Exercise aim >> Once the pictures are removed, reproduce what is left of the data below exactly.
*** Opening of Provided material ***
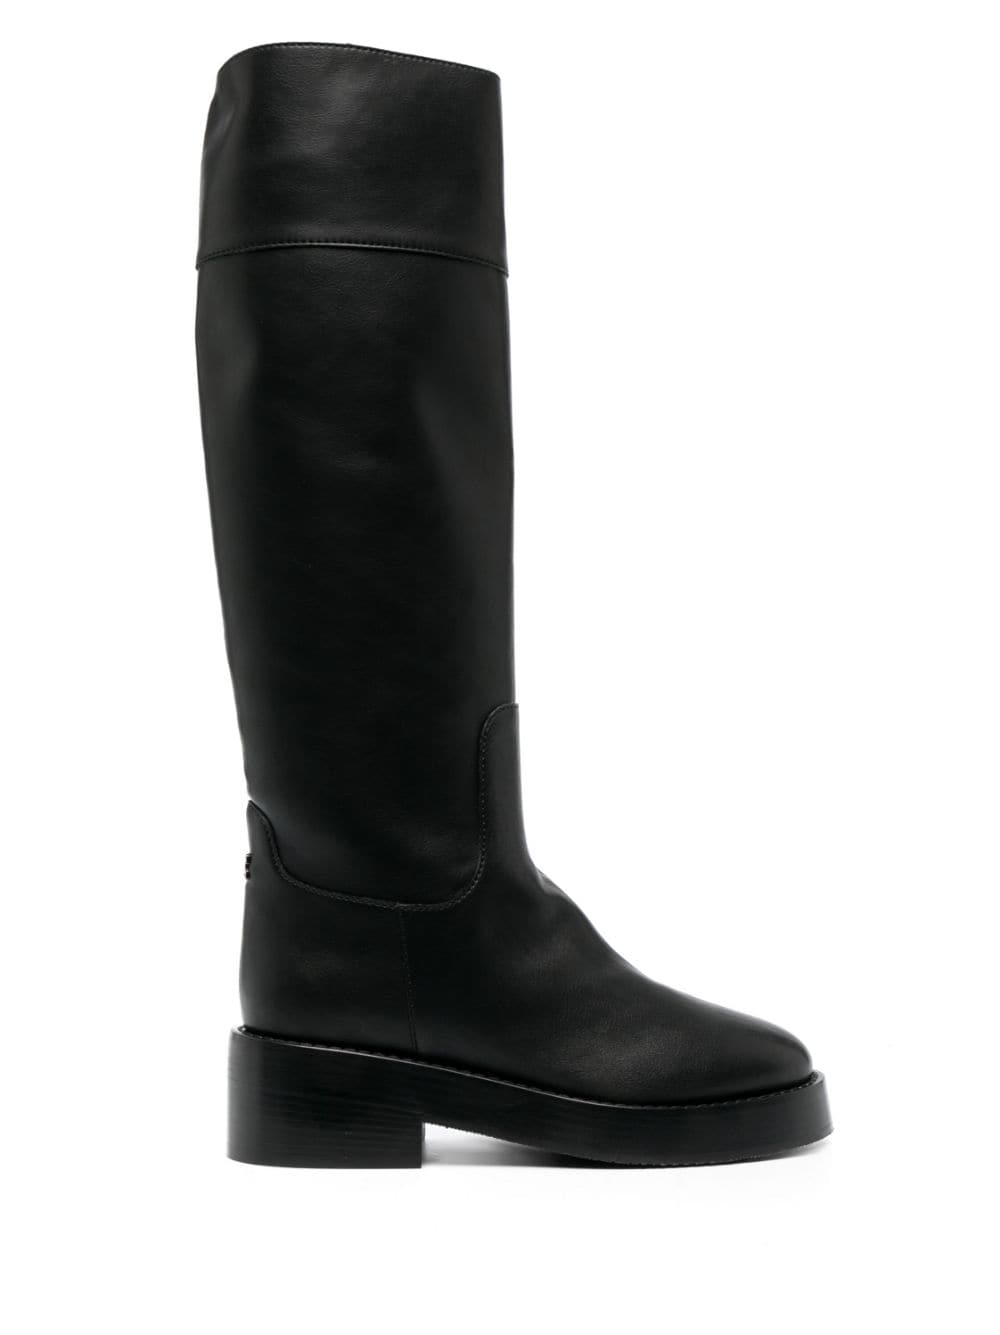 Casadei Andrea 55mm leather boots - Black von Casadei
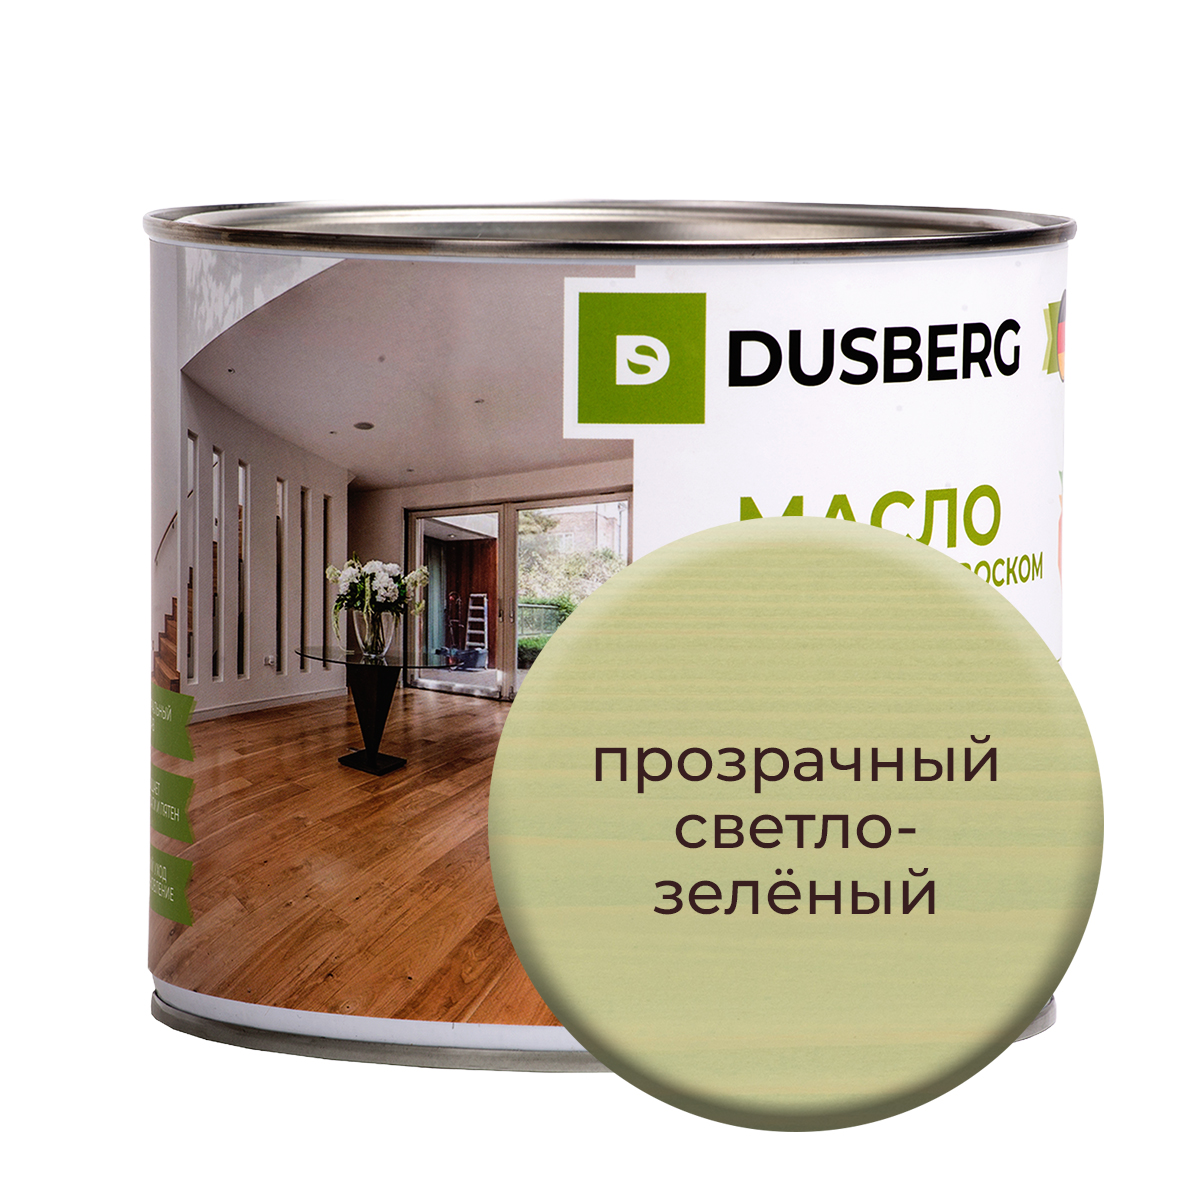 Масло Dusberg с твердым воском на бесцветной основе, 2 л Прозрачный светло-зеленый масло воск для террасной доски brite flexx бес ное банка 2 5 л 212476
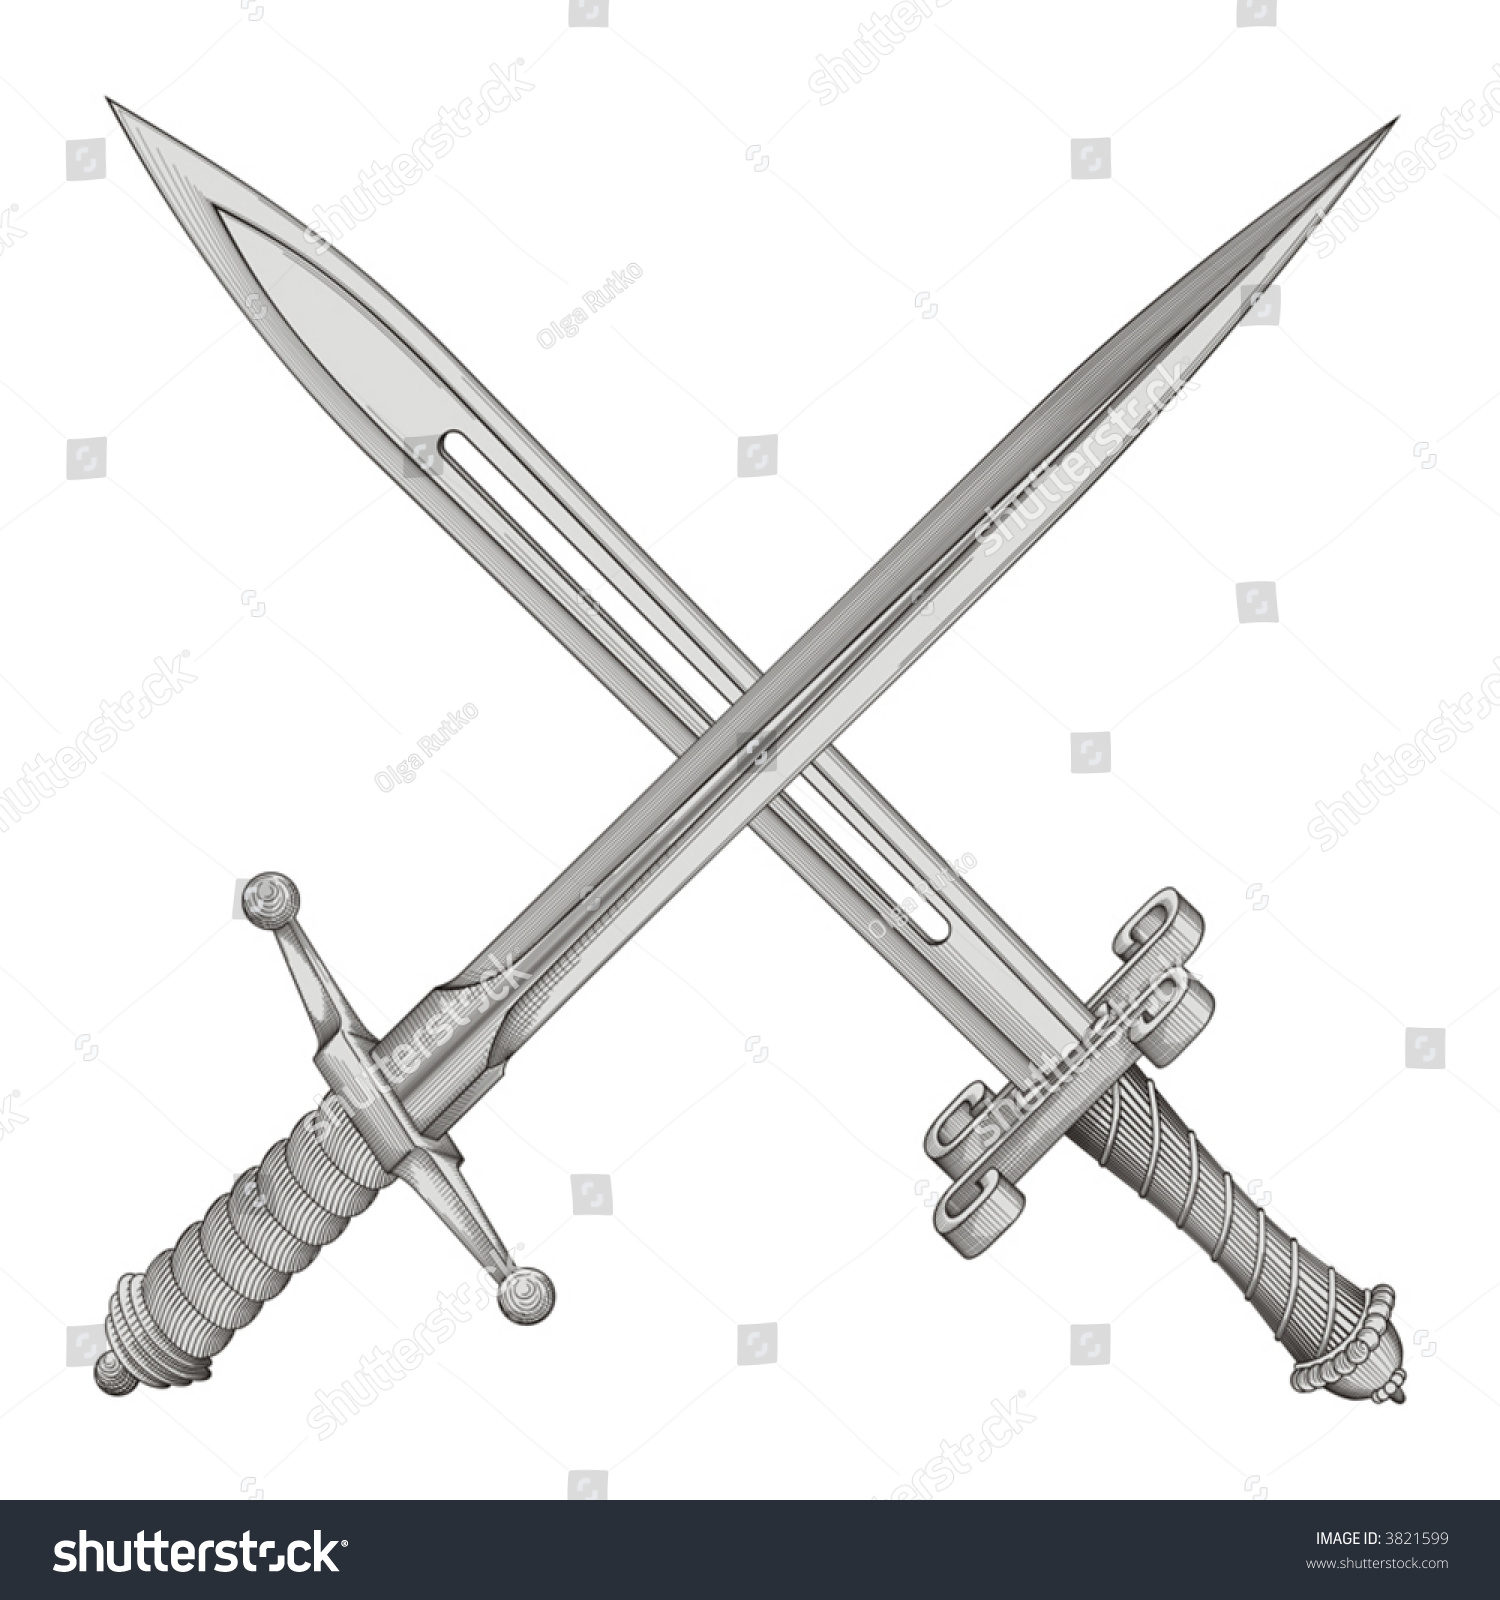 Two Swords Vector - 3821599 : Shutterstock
*** Close of Provided material ***
Task response >>
 Casadei Andrea 55mm leather boots - Black von Casadei
 Масло Dusberg с твердым воском на бесцветной основе, 2 л Прозрачный светло-зеленый масло воск для террасной доски brite flexx бес ное банка 2 5 л 212476
 Two Swords Vector - 3821599 : Shutterstock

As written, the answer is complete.